Motion is a very useful and nicely written software if you want to stream or publish a webcam using your pi.
I have not gone through the motion of streaming to youtube but it looks like it is possible... I just did not require it.
It is fairly simple to configure and works with both USB and the raspberry pi camera.
sudo apt-get install motion should be all you need command-wise. It has been a while since I installed, but will verify the next time I create a new pi image.

Camera Output

This is a very limited overview and there is a lot more you can do, but my basic setup was just a web page with the camera and a live stream of the feed.
Both seem to work well with a few adjustments and you can access by hitting separate ports on your pi.
If you do not want to use the default ports, you can set them in the motion.config file. You will have to restart the motion daemon for the ports to come active.

Http Port Examples:

http://localhost:8084 for web or http://localhost:8085

Configuration: motion.config

Using the config file (/etc/motion/motion.config) you can set some variables such as authentication, camera device, etc.
For my simple config there are a few things I set.
webcontrol_authentication: I add a username and password so that the page is not open.
videodevice: default is /dev/video0 but this may change if you also have a pi-camera.
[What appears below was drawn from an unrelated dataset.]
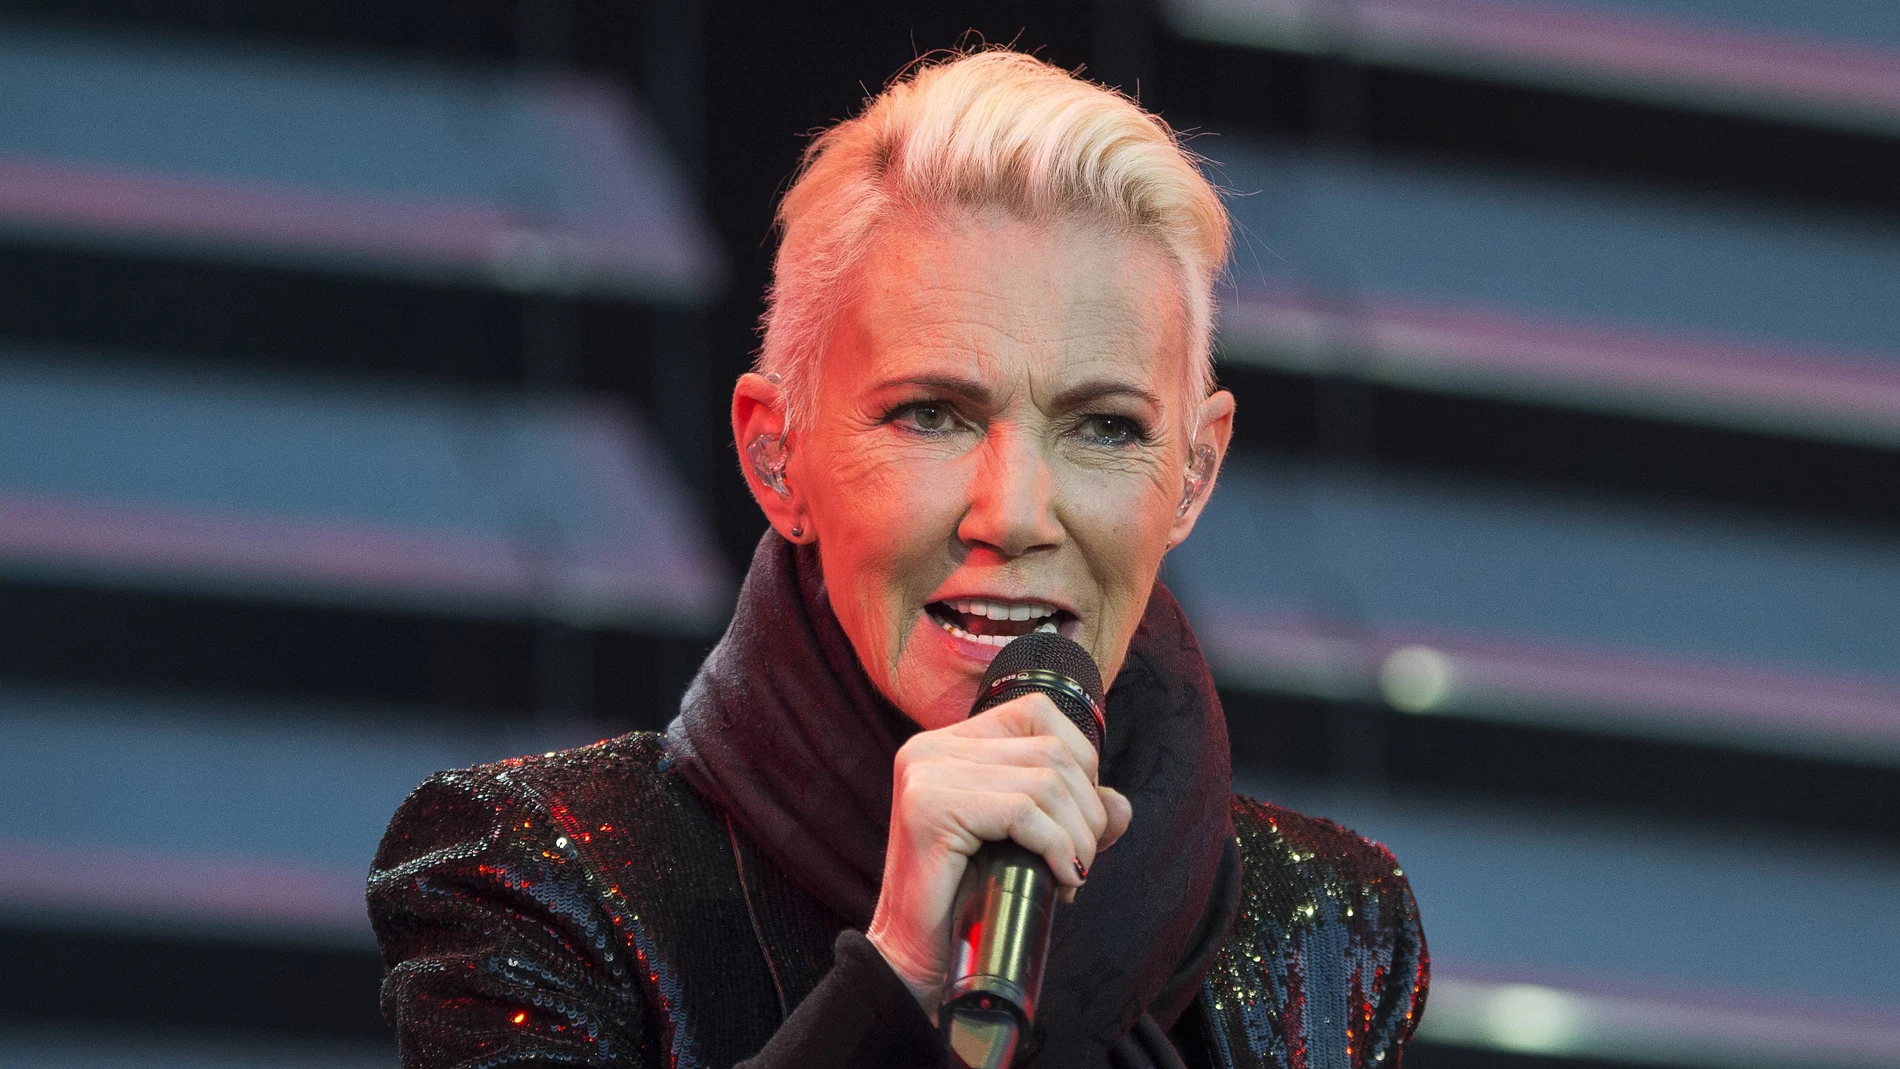 FILE - In this file photo dated July 18, 2015, Marie Fredriksson, singer of the pop duo Roxette. Fredriksson has died, aged 61 after a long illness, according to an announcement Tuesday Dec. 10, 2019. (Suvad Mrkonjic / TT via AP)

I am running only a single usb video. Having multiple may require configuring the camera config files.
v4l2_palette 17 - This uses palette YU12 and was the default when I installed motion.
The other thing I did was changing the names of some of the output files. This limits the amount of files actual gathered for both viewing and sreaming.
For the movie_filename I went with a single file to keep accumulated files from building up.
For picture_filename I went with simply LiveFeed-%q. This limits the amount of images saved. I prefer it to overwrite existing instead of creating new files on a date range. You can leave dated filenames if you need to view historically, but I have no real need for that. This keeps my directory right around 25 files.
I also set snapshot_filename to just lastsnap. Again, no need to accumulate those files.

Image/Video Output

The default output is to the /var/lib/motion directory. You can change this in the config file but will need to insure that the account running the daemon has access to read and write files to a different directory. I believe the default account will be motion. You will want to keep an eye on this location to insure you are not collecting to many files. As mentioned above, this can be controlled via the configuration. If you are not pointing to attached storage, this can eat up your micros SD pretty quick.
These will change case by case depending on the quality of your camera and size of images it is capable of taking. I am currently using a Logitech HD USB camera and the directory maintains fairly consistent at approximately 10MB in size. You can also change the amount of motion in percentage that reflects a change. No reason to continuously capture an image that is not changing which saves on processing power used by the pi. This is probably one of the best features I like about Motion and it seems to work quite well. Hats off to the developers, as I mentioned it is a well written program.